Вадим Петрович не сразу понял, в чём дело, подумал, что это к нему явился проситель по депутатским делам – будет клянчить квартиру побольше, хотя забывает, что чином всего-навсего прапорщик, а не генерал, потребует работу для жены по какой-нибудь совершенно городской специальности, допустим, по части лечения домашних попугаев либо лаборантского баловства: брать пробы пыли, воздуха, воды, что в их селе совсем ни к чему, в их селе всё чисто, прапорщики испокон веков берут себе в жёны лаборанток, поморщился недовольно, не сразу уловил то, что мгновенно уловила жена, и охнул только, когда прапорщик проговорил медленно, почти механически, словно бы это ему приходилось делать каждый день, бесцветно, тщательно подгоняя друг к другу слова:
– Ваш сын, выполняя интернациональный долг, погиб в Афганистане.
Супруга Вадима Петровича убито молчала. Сменяя её, часто и горько задышал сам Вадим Петрович.
– Что, что, что?
– Я привёз тело вашего сына, – сказал прапорщик.
Простые слова, но какой страшной они делают минуту, в которой звучат, – такие слова слышит не всякий отец. Вадим Петрович неверяще помотал головой, крепко сжал сухие глаза.
– Ваш сын пал смертью храбрых, – сказал прапорщик. Он словно бы выполнял некий, уже знакомый ритуал, идя по его засечкам, словно бы по неким школьным ступеням, где ставят отметки, – по тому, как он будет произносить эти горькие фразы, ему будут выдавать жалованье, худое лицо прапорщика с тусклыми глазами и тёмными взлохмаченными бровками было бесстрастно.
– Как это произошло? – спросил Вадим Петрович.
– При сопровождении колонны, – ответил прапорщик прежним механическим голосом, и Вадим Петрович, несмотря на свою внезапную глухоту, на боль и тошноту, понял, что прапорщик чего-то недоговаривает, темнит, горько покачал головой.

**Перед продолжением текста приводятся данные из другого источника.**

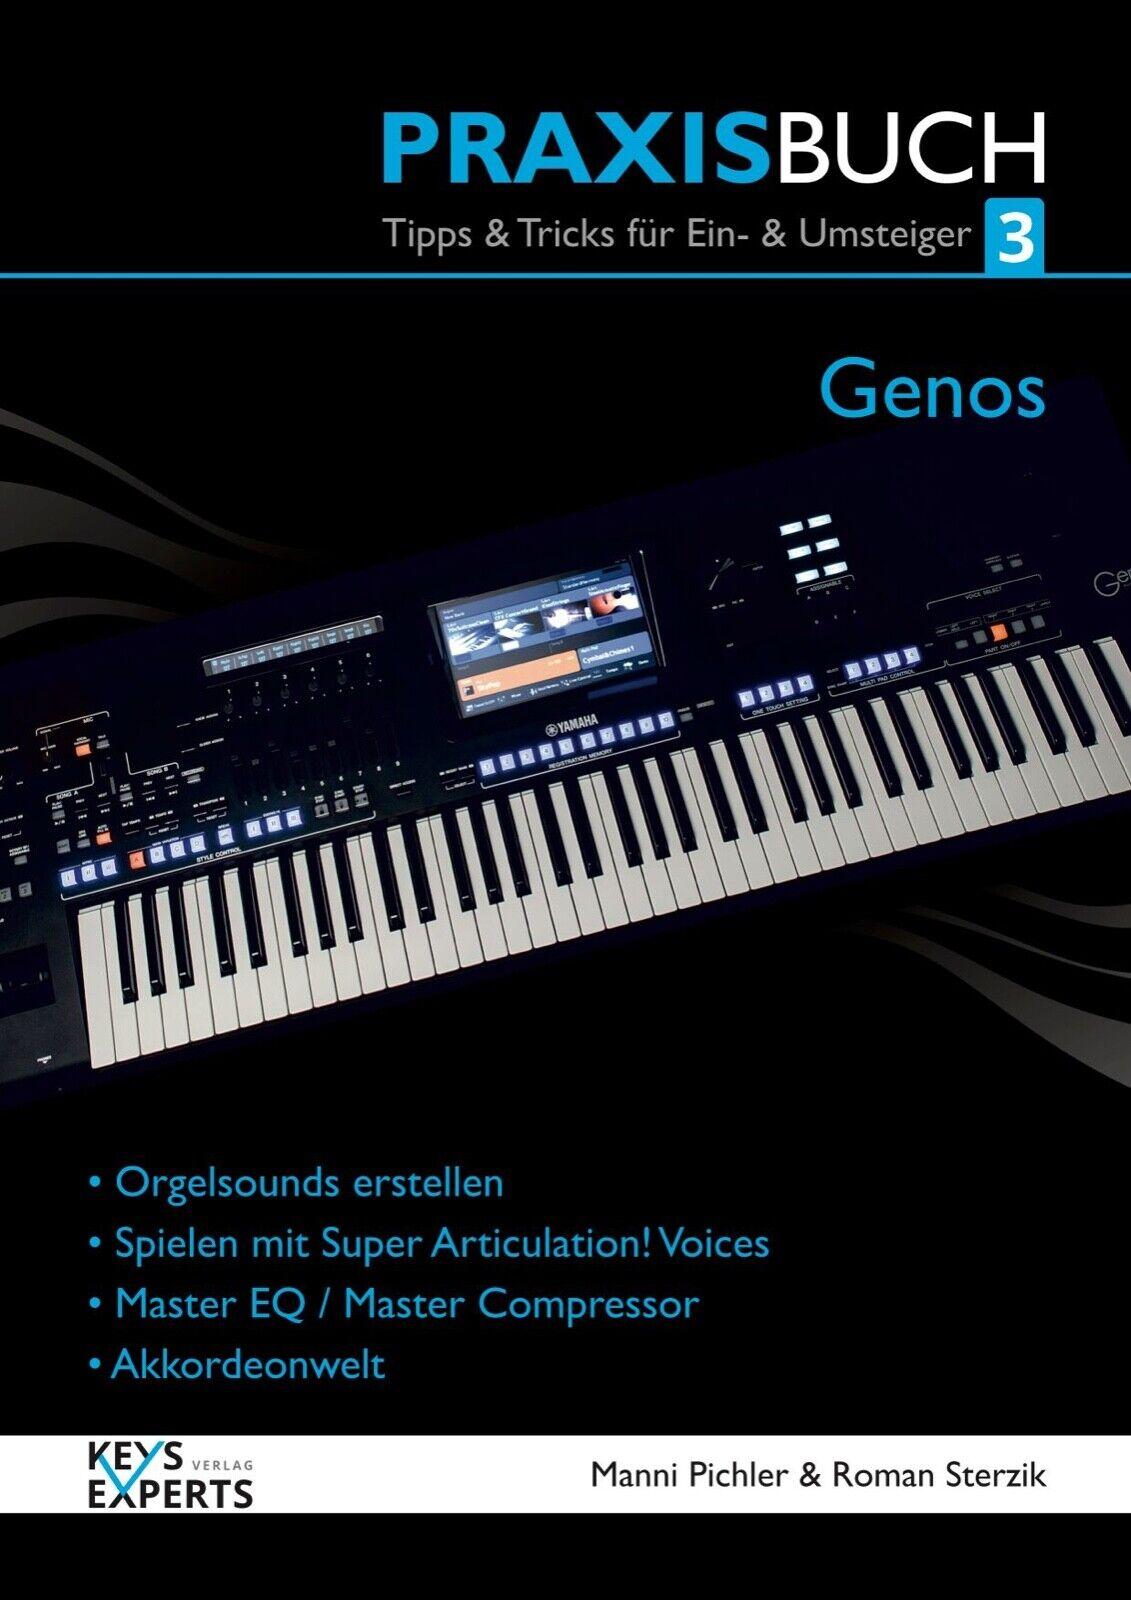 nuovo stile Das Praxisbuch per Yamaha Yamaha Yamaha Genos Tastiera Volume 3 130 Pagine Lingua Tedesco  benvenuto per ordinare
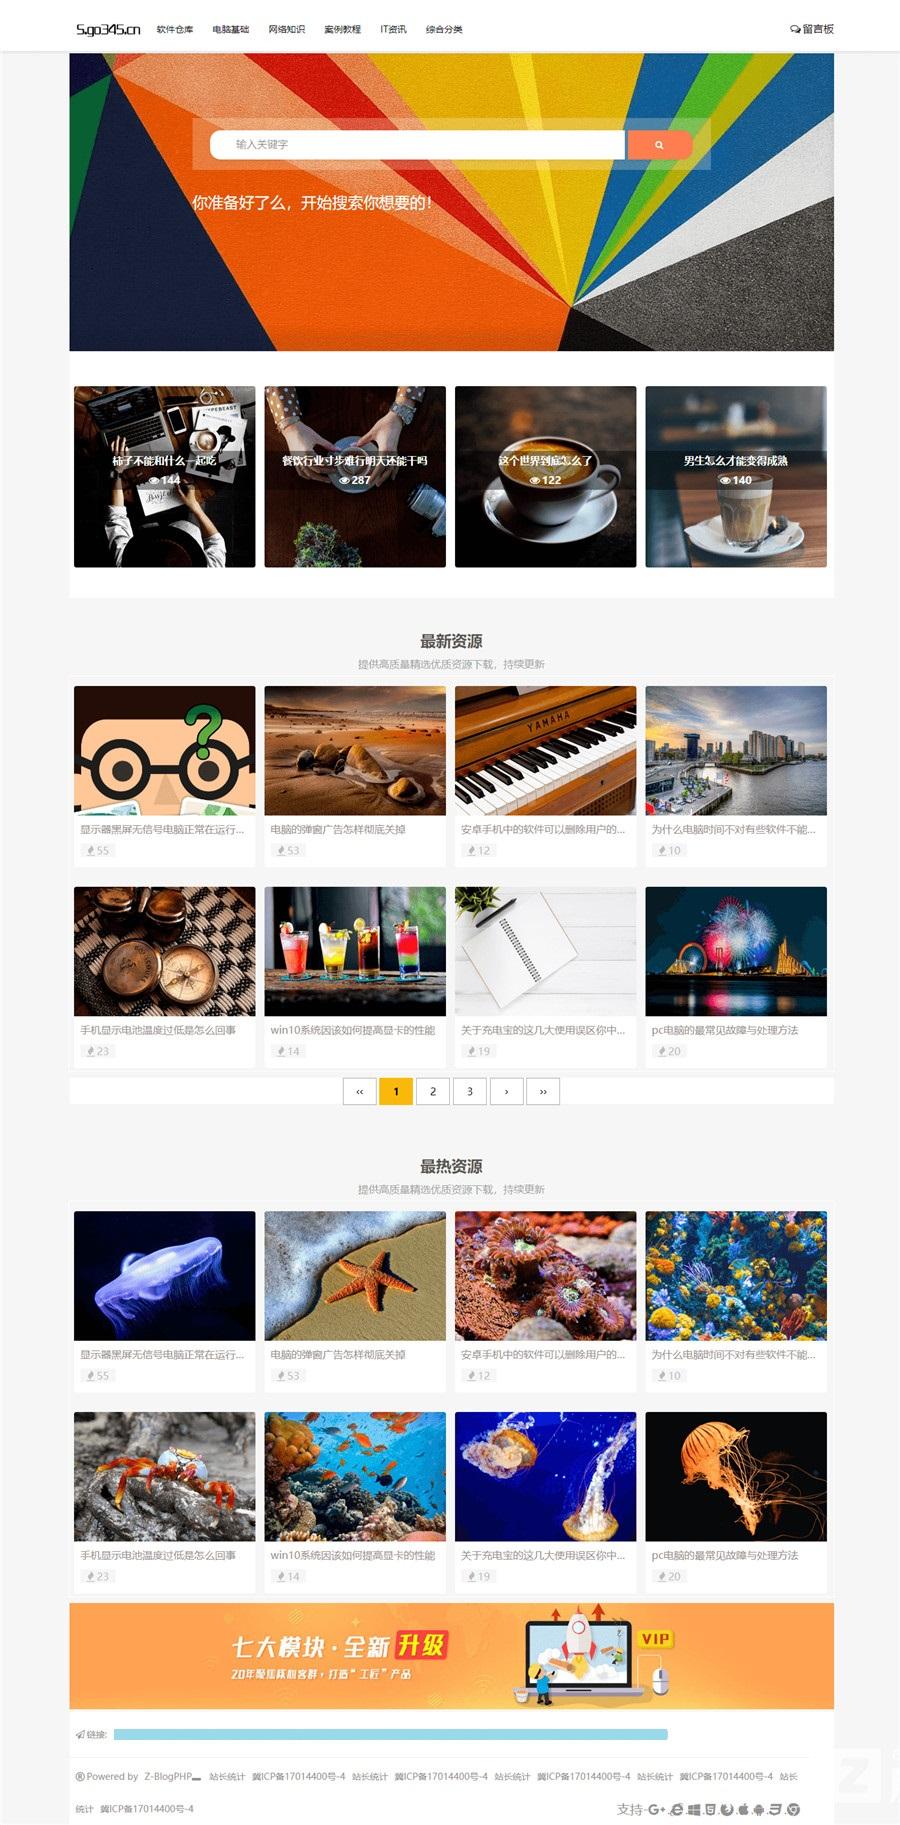 Z-BlogPHP扬名文图blog主题风格模版

– При сопровождении, говорите?
– У нас многие гибнут при сопровождении колонн. Из Союза ведь везём всё, до мелочи, от бензина до селёдки, идём сквозь контролируемую душманами территорию, а душки, отец, не спят… – Прапорщик, отклоняясь от разработанного сценария, вздохнул.
Лучше бы не было этого прапорщика! Не услышал бедный воин тех слов, что возникли в Вадиме Петровиче, – Вадим Петрович, вяло шевеля одеревеневшими губами, проклял его, слова проклятия были простыми, как вода, как воздух и хлеб, они родились в мозгу Вадима Петровича, прожили короткую жизнь и угасли.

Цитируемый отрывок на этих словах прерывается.